▸ Given records
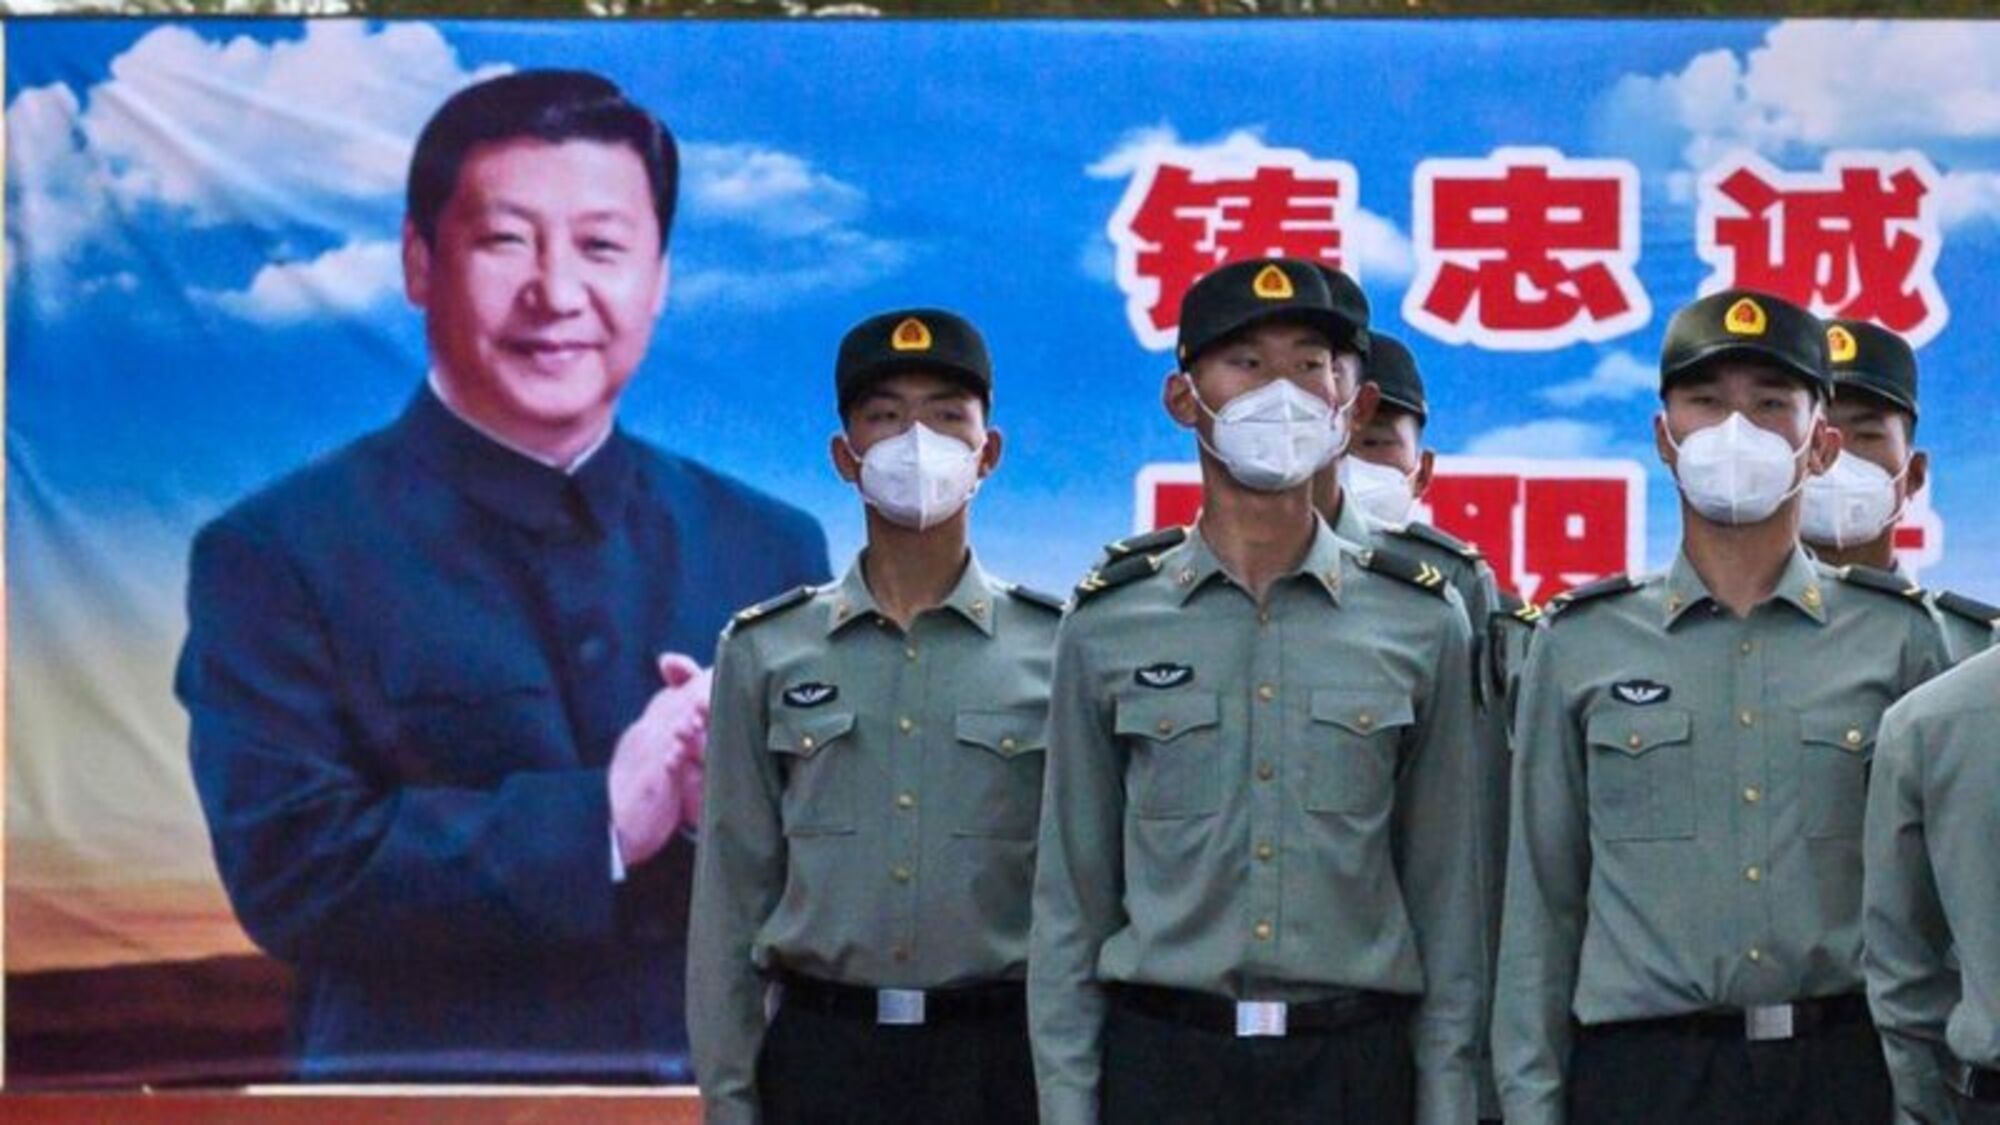 La pandemia del coronavirus sirvió para que Xi Jinping consolidara un poder en China como no se veía desde los tiempos de Mao
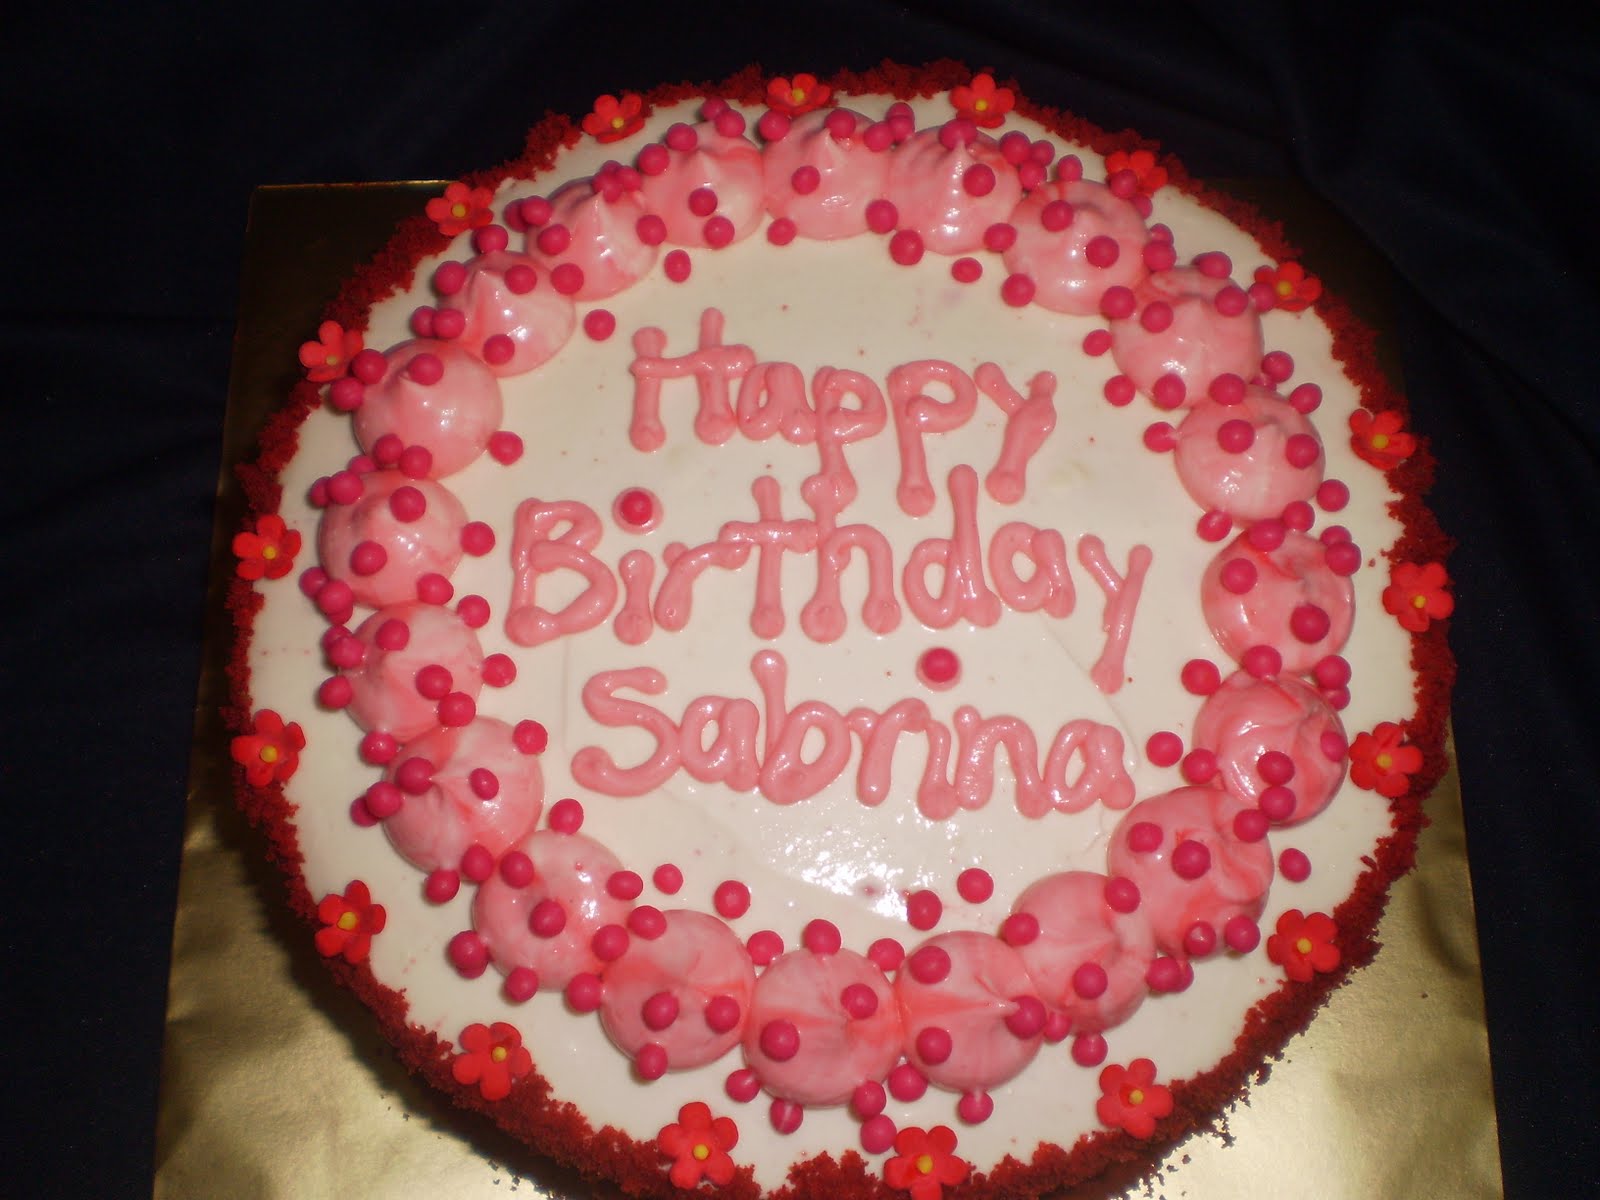 Birthday Cake - Red Velvet - Happy Birthday Sabrina.
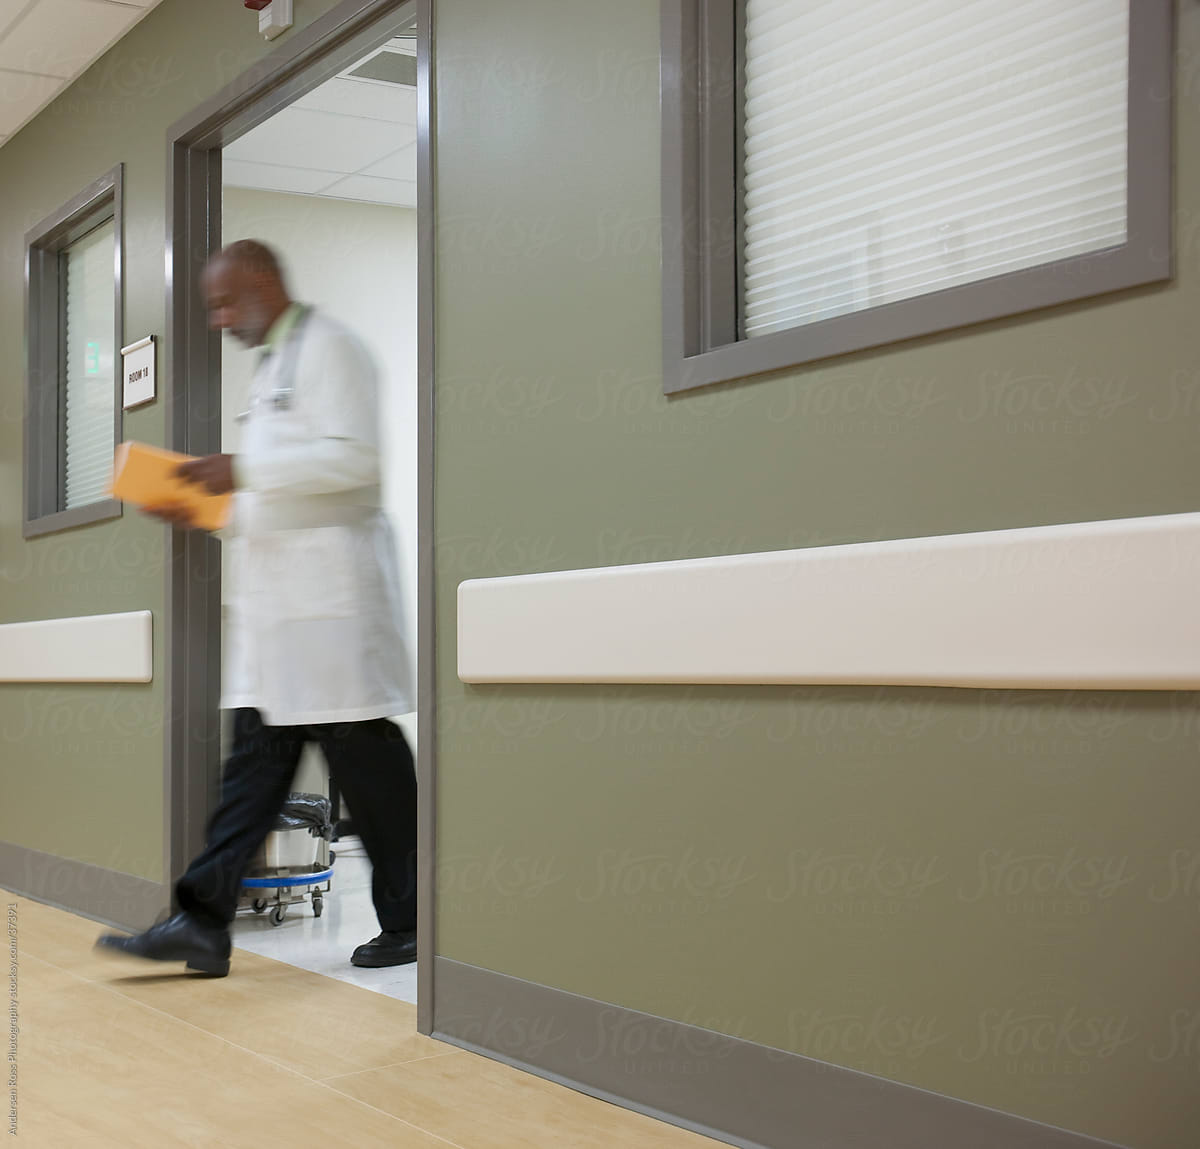 Doctor walking in hospital corridor
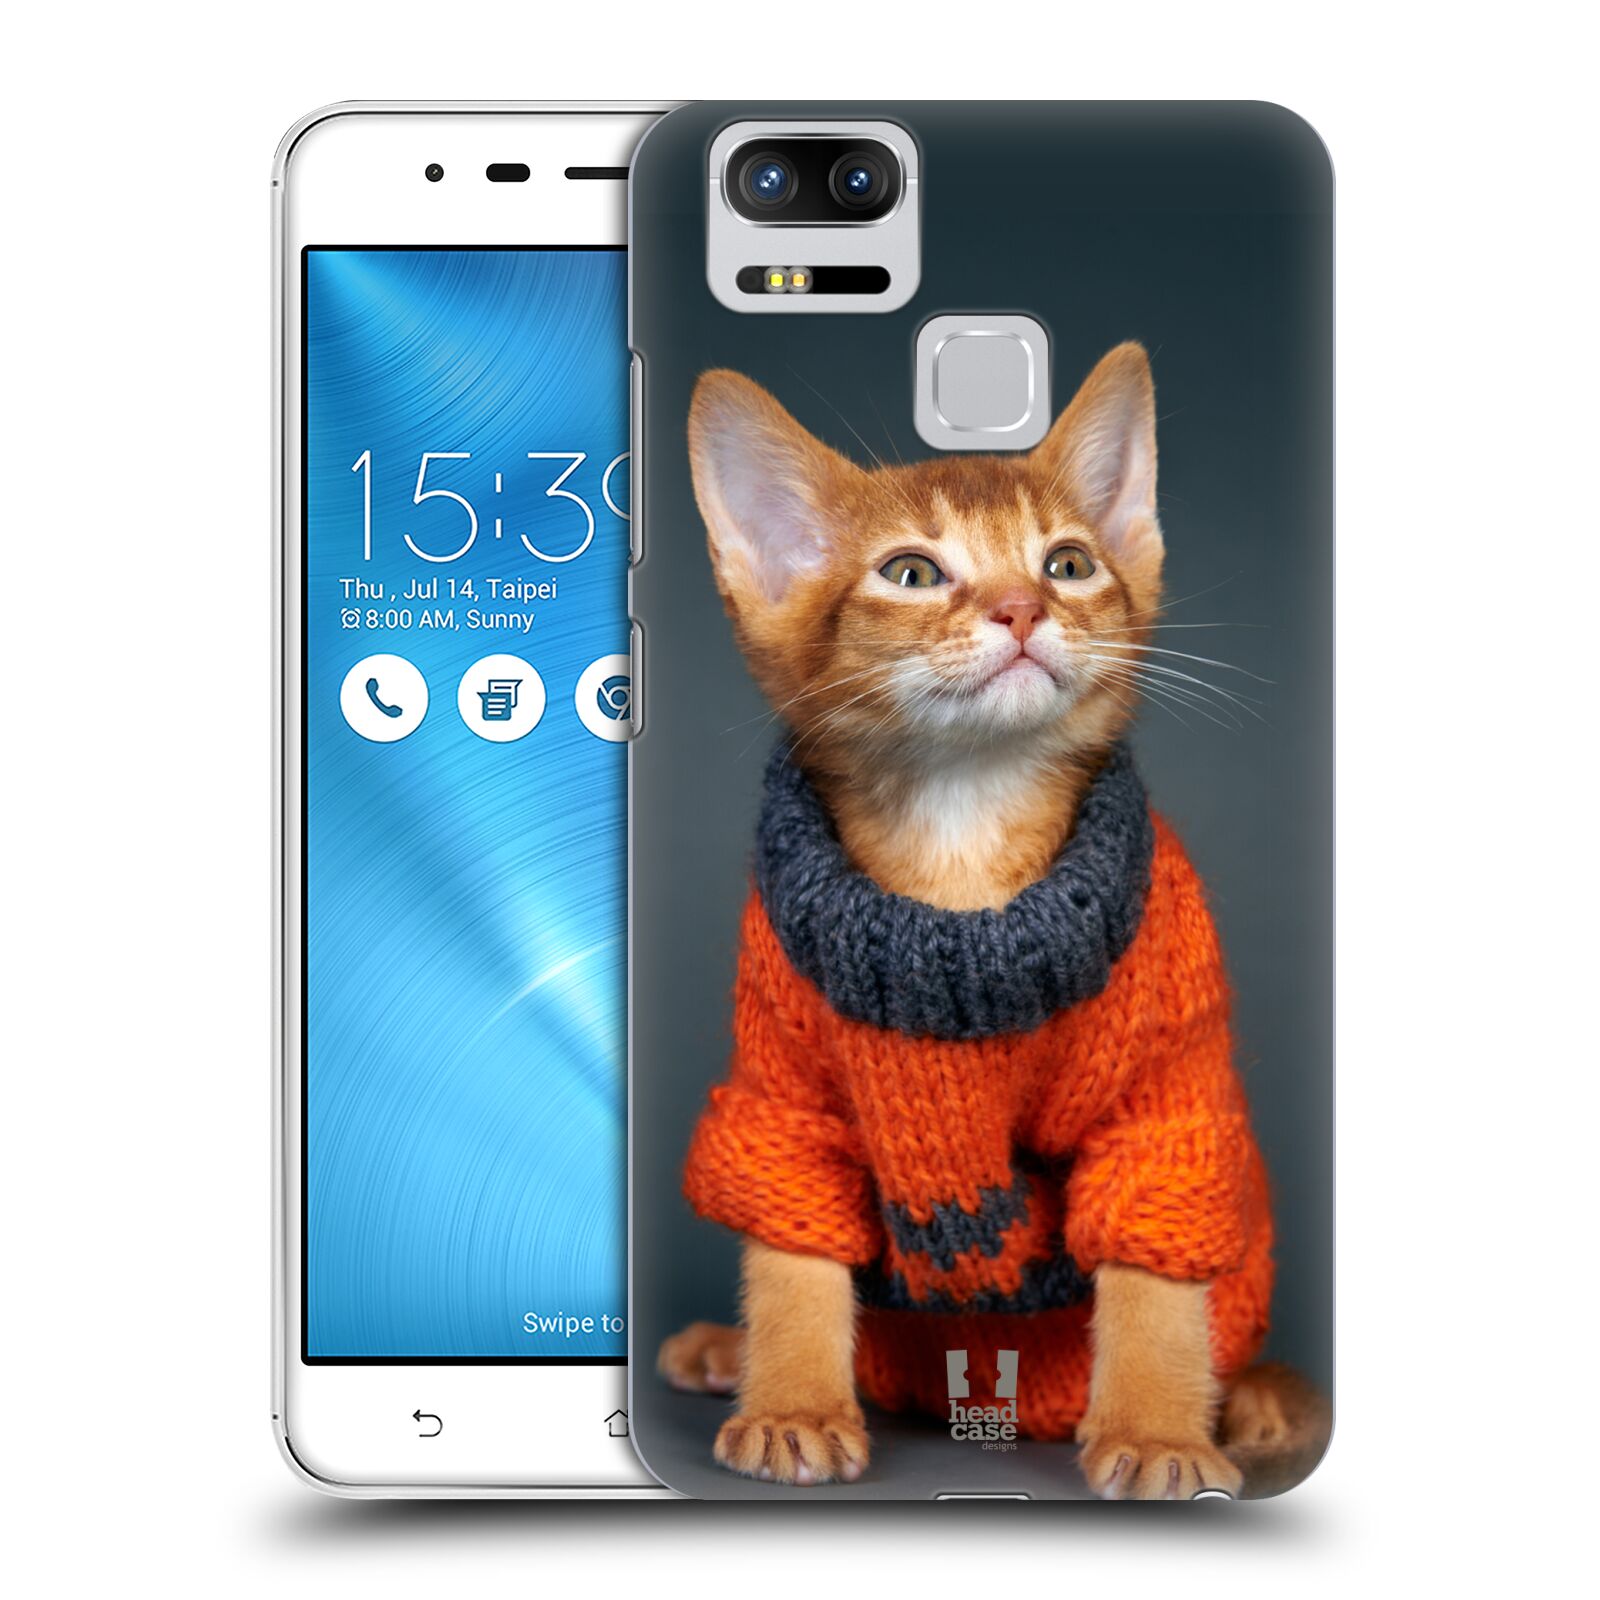 HEAD CASE plastový obal na mobil Asus Zenfone 3 Zoom ZE553KL vzor Legrační zvířátka kočička v oranžovém svetru
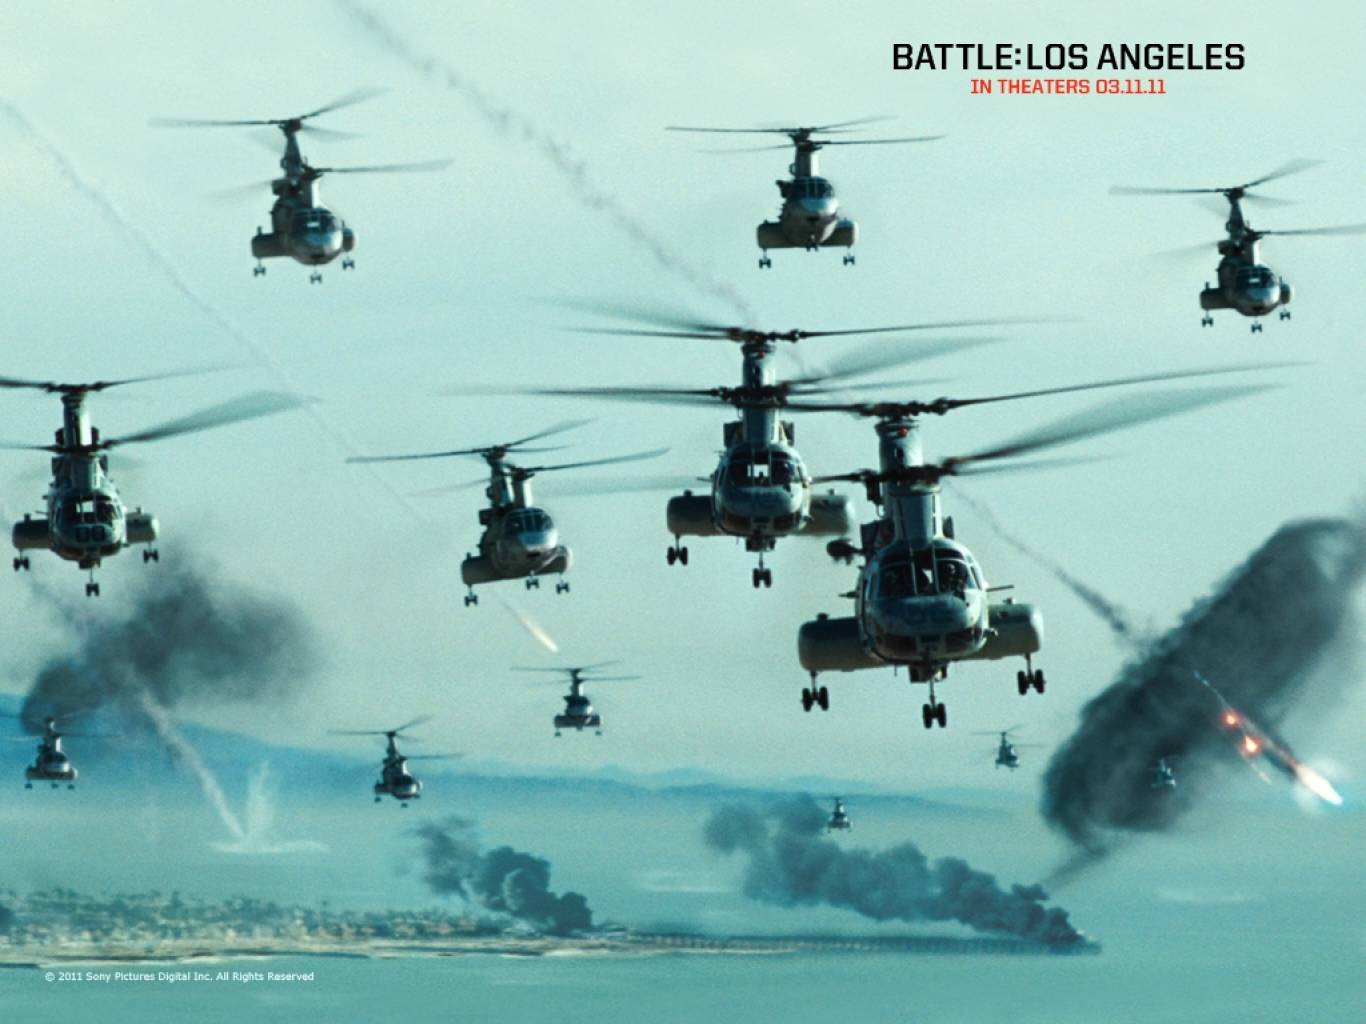 Battle: Los Angeles Movie HD Wallpaper. Battle: Los Angeles HD Movie Wallpaper Free Download (1080p to 2K)

▸ Task description
In your copy of the entries above, keep the text exact and leave out the pictures.

▸ Written response
 La pandemia del coronavirus sirvió para que Xi Jinping consolidara un poder en China como no se veía desde los tiempos de Mao
 Birthday Cake - Red Velvet - Happy Birthday Sabrina.
 Doctor walking in hospital corridor
 HEAD CASE plastový obal na mobil Asus Zenfone 3 Zoom ZE553KL vzor Legrační zvířátka kočička v oranžovém svetru
 Battle: Los Angeles Movie HD Wallpaper. Battle: Los Angeles HD Movie Wallpaper Free Download (1080p to 2K)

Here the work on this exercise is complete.